Ximena apretó la mandíbula, pero no dijo nada. No valía la pena. No tenía fuerzas para pelear.
De repente, sintió un dolor agudo y ardiente en el brazo. Isabel, "accidentalmente", había tropezado y derramado una taza de té caliente sobre ella. La tela de su blusa se pegó a su piel quemada.
"¡Ay, qué torpe soy!", exclamó Isabel con una falsa preocupación. "Lo siento tanto."
Pero sus ojos brillaban de malicia. Ximena se mordió el labio para no gritar de dolor. El ardor era insoportable.
Justo en ese momento, la hermana de Ricardo, Laura, entró en la cocina. Vio la escena y sonrió con desdén.
"¿Qué pasa aquí? Isabel, ¿esta inútil te ha hecho algo?"
"No, no, fue un accidente", dijo Isabel, fingiendo inocencia.
Laura miró el brazo enrojecido de Ximena y se rio.
"Se lo merece. Mi madre siempre dijo que era una mala influencia. Una simple artesana de barro que quería colarse en nuestra familia. Qué ridícula."
Ximena, con la piel ardiendo y el alma hecha trizas, solo pudo susurrar: "Por favor, necesito algo para la quemadura."
Laura la miró con desprecio.
"¿Y por qué deberíamos ayudarte? Deberías estar agradecida de tener un techo sobre tu cabeza. Ahora limpia ese desastre y termina la cena. Ricardo tiene hambre."
La mención de Ricardo fue otro golpe. En su debilidad, Ximena lo intentó una última vez.
"Por favor, solo déjenme hablar con él.
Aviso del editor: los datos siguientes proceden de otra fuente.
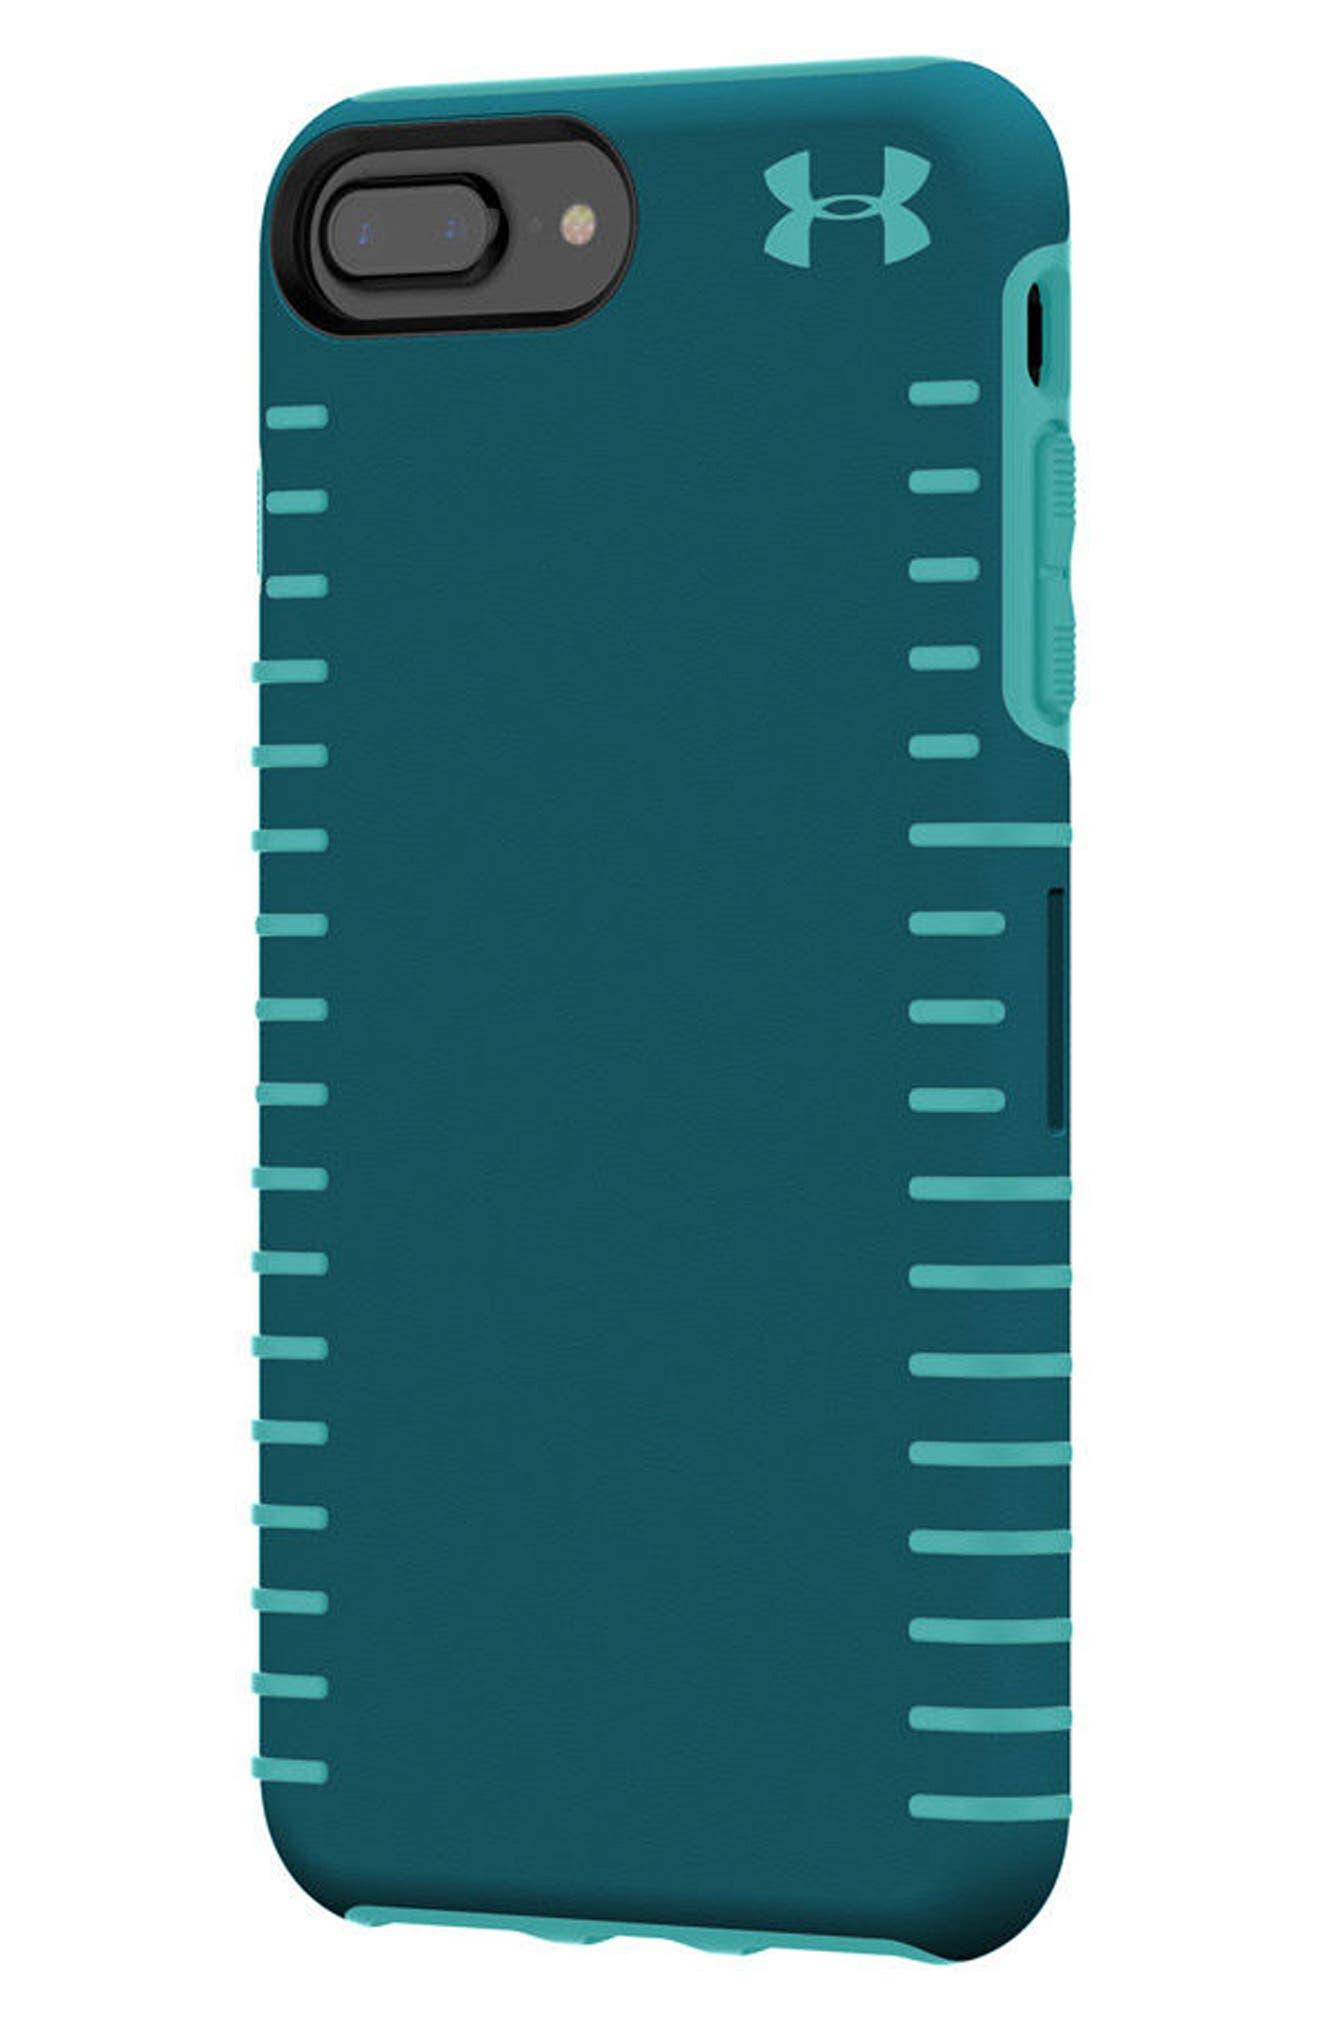 Protect Grip iPhone 6/6s/7/8 Plus Case,                             Alternate thumbnail 2, color,                             Desert Sky

Él me escuchará."
"¡Cállate!", gritó Laura, su rostro contorsionado por la ira. "Ya te lo dijimos, él no quiere verte. Eres una molestia."
Cuando Ximena intentó levantarse para buscar agua fría, Laura la empujó de nuevo hacia la estufa, y su mano golpeó el borde caliente de la olla, provocándole otra quemadura. El dolor la hizo gritar esta vez.
"¡Ya basta!"
Una voz masculina, fuerte y desconocida, resonó en la cocina. Las tres mujeres se giraron. Era Ricardo, de pie en la entrada, con el ceño fruncido. Su presencia interrumpió la tortura, pero la mirada de confusión en su rostro no prometía ningún alivio, solo un nuevo tipo de infierno.